Before trying to debug an NIS server, be sure you understand the concepts in Chapter 1, “Understanding NIS”, and Chapter 2, “Preparing to Manage NIS”, in this guide.

Command Hangs

The most common problem on an NIS client is for a command to hang and generate SYSLOG messages such as this:


NIS v.2 server not responding for domain domain_name; still trying

Sometimes many commands begin to hang, even though the system as a whole seems to be working and you can run new commands.

The messages above indicates that nsd on the local system is unable to communicate with nsd in the domain domain_name. This can happen as a result of any of these situations:

  • The network has been disconnected on the NIS client; for example, the Ethernet cable is unplugged.

  • An incorrect domain name has been specified.

  • The network or the NIS server is so overloaded that nsd cannot get a response back to the nsd daemon within the time-out period.

  • nsd on the NIS server has crashed.

  • The NIS server has crashed or is unreachable via the network.

  • There is a physical impairment on the local area network. Under these circumstances, all the other NIS clients on the same local area network should show the same or similar problems.

A heavily loaded network and/or NIS server may be a temporary situation that might resolve itself without any intervention. However, in some circumstances, the situation does not improve without intervention. If intervention becomes necessary, the following four questions help to isolate and correct the situation.

Question 1: Is the client attached to the network?  

Typically, if there is a problem with the physical connection from the client to the network, a message similar to this appears in the console window on the system:

ec0: no carrier: check Ethernet cable

If NIS commands hang and you have the message shown above, verify that the physical connection from the client to the local area network is secure and functioning. If you do not know how to check your physical connection, see the Owner's Guide for your system for more details. Also check to ensure that the client is attached to the correct physical network.

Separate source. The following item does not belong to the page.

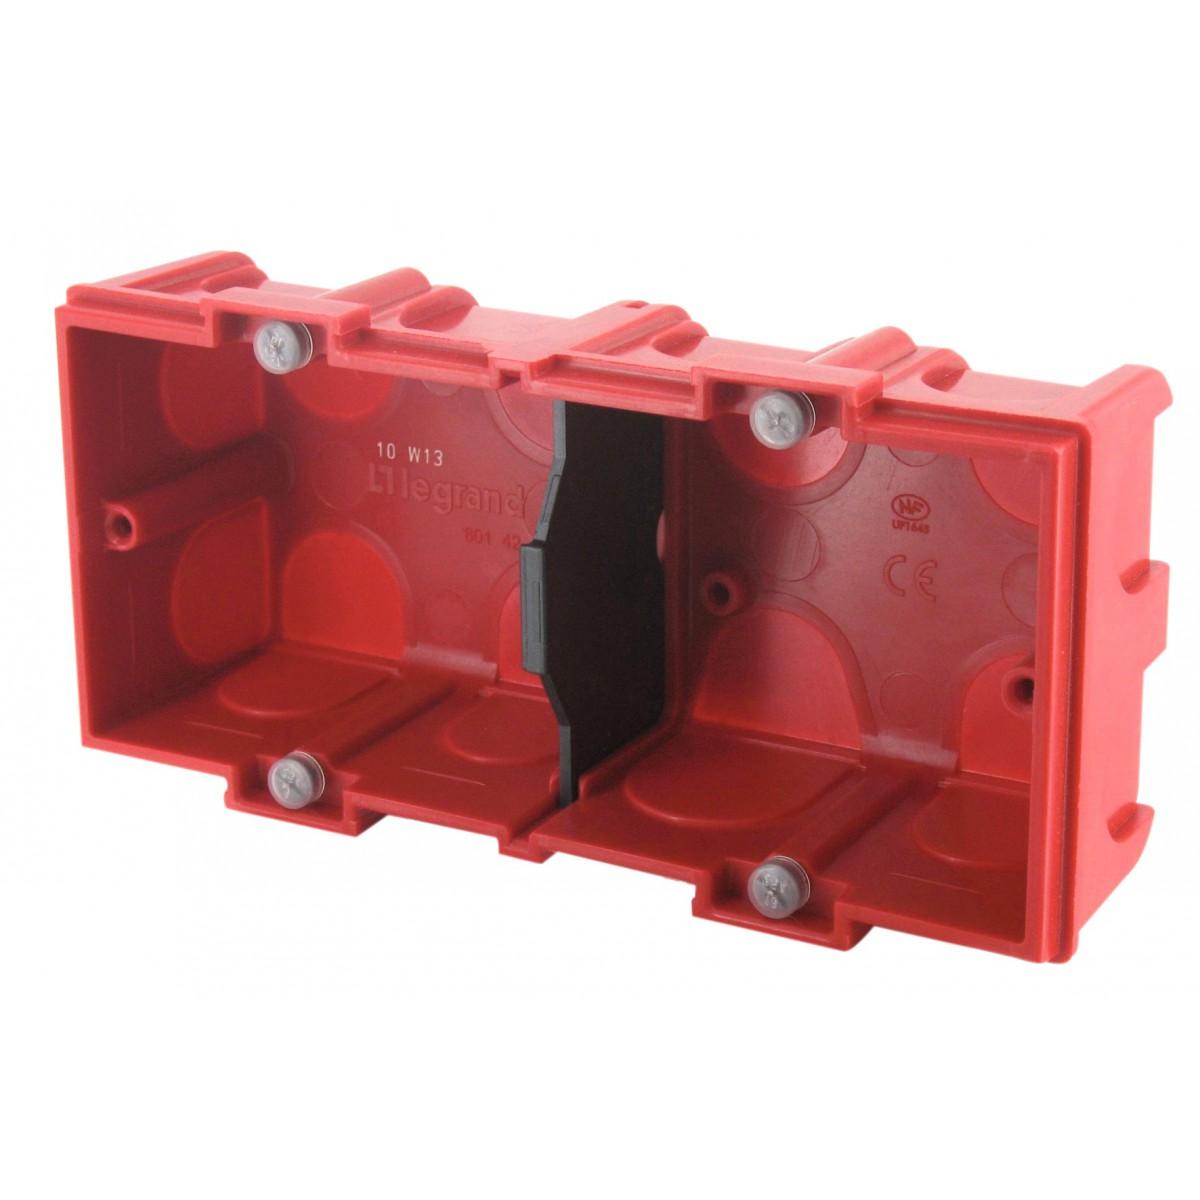 Boîte maçonnerie Legrand - 2 postes - Profondeur 40 mm
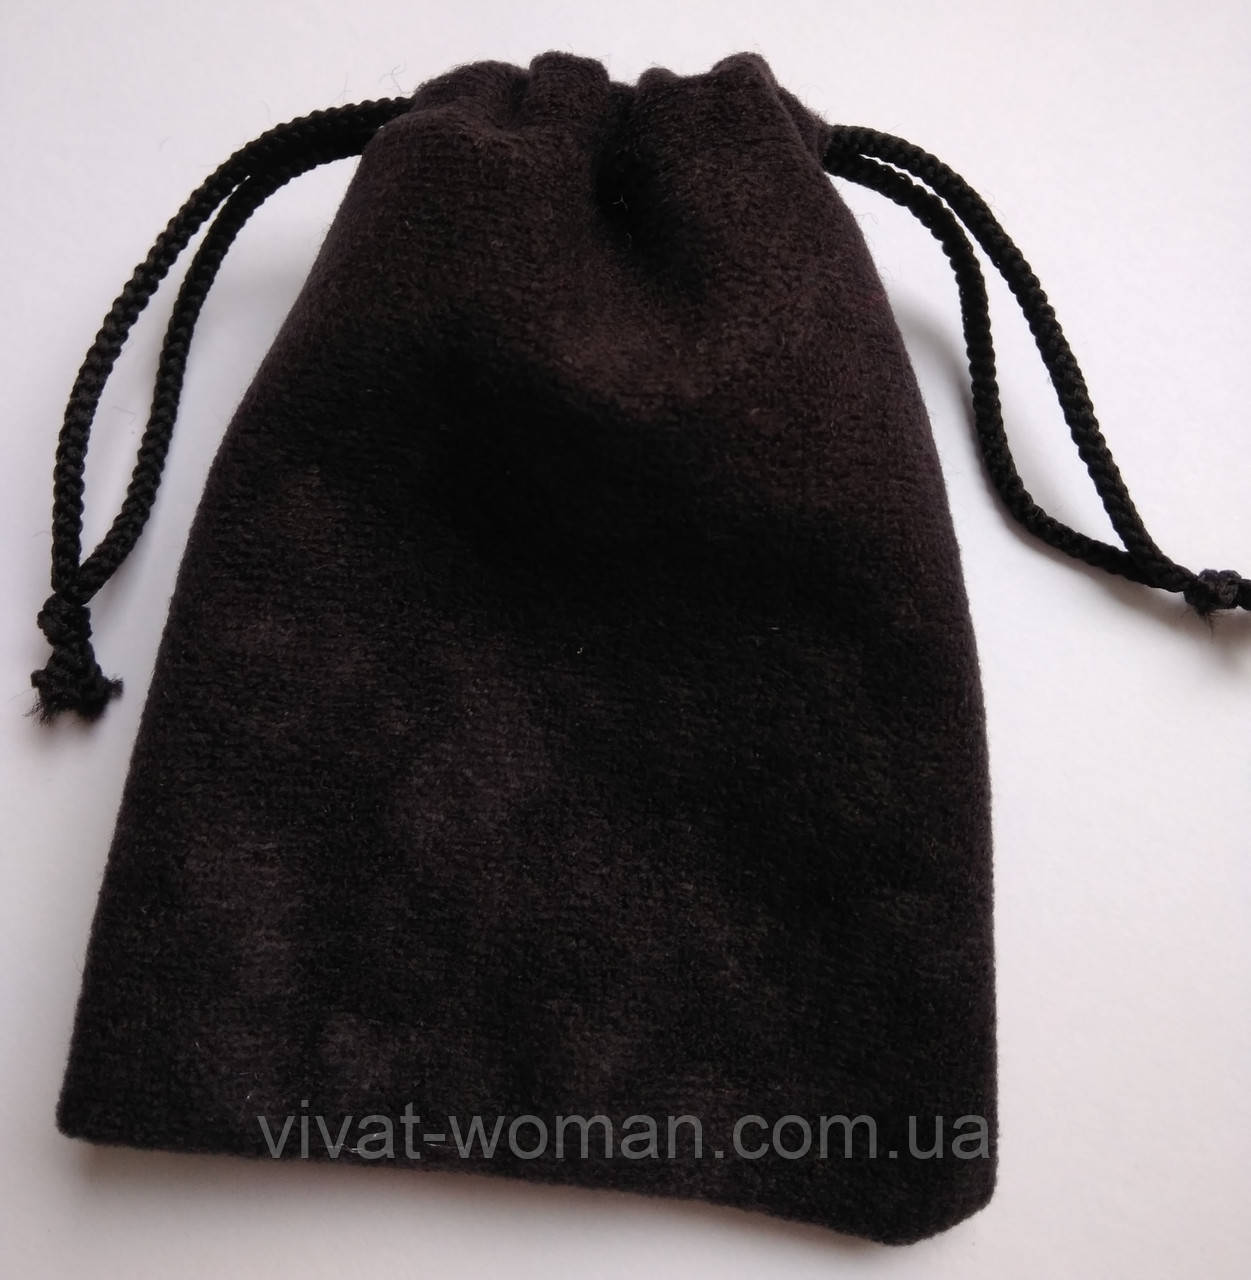 Мешочки ювелирные, бархат матовый черный 7х9 см, 1шт. Производство Украина

Question 2: Does the client have the correct domain set?  

Clients and servers must use the same domain name if they want to belong to the same domain. Servers supply information only to clients within their domain. The domain names must match exactly. The domain shapes.com is not the same as the domain SHAPES.com. Clients must use a domain name that the NIS servers for their domain recognize.

Verify the client's current domain name by giving the domainname command and by looking at the contents of the file  /var/yp/ypdomain, which is read at system startup. Perform these steps to determine the client's current domain:

  1. Determine the current domain name:

    # domainname
    current_domain_name 
    

  2. Look at /var/yp/ypdomain to determine the domain name set at system startup:

    # cat /var/yp/ypdomain
    current_domain_name 
    

Compare these values to those found on the servers. If the domain name on the client differs from the domain name on the server, change the domain on the client:

  1. Edit, using any standard editor, /var/yp/ypdomain to reflect the correct domain name. This file assures that the domain name is correctly set every time the client boots. There should be only one entry in this file:

    correct_domain_name 
    

  2. Set domainname by hand so it is fixed immediately. Give this command:

    # domainname correct_domain_name
    

  3. Restart nsd so that the client is bound within the correct domain. Give these commands:

    # /etc/killall -HUP nsd
    

Question 3: Do you have enough NIS servers?  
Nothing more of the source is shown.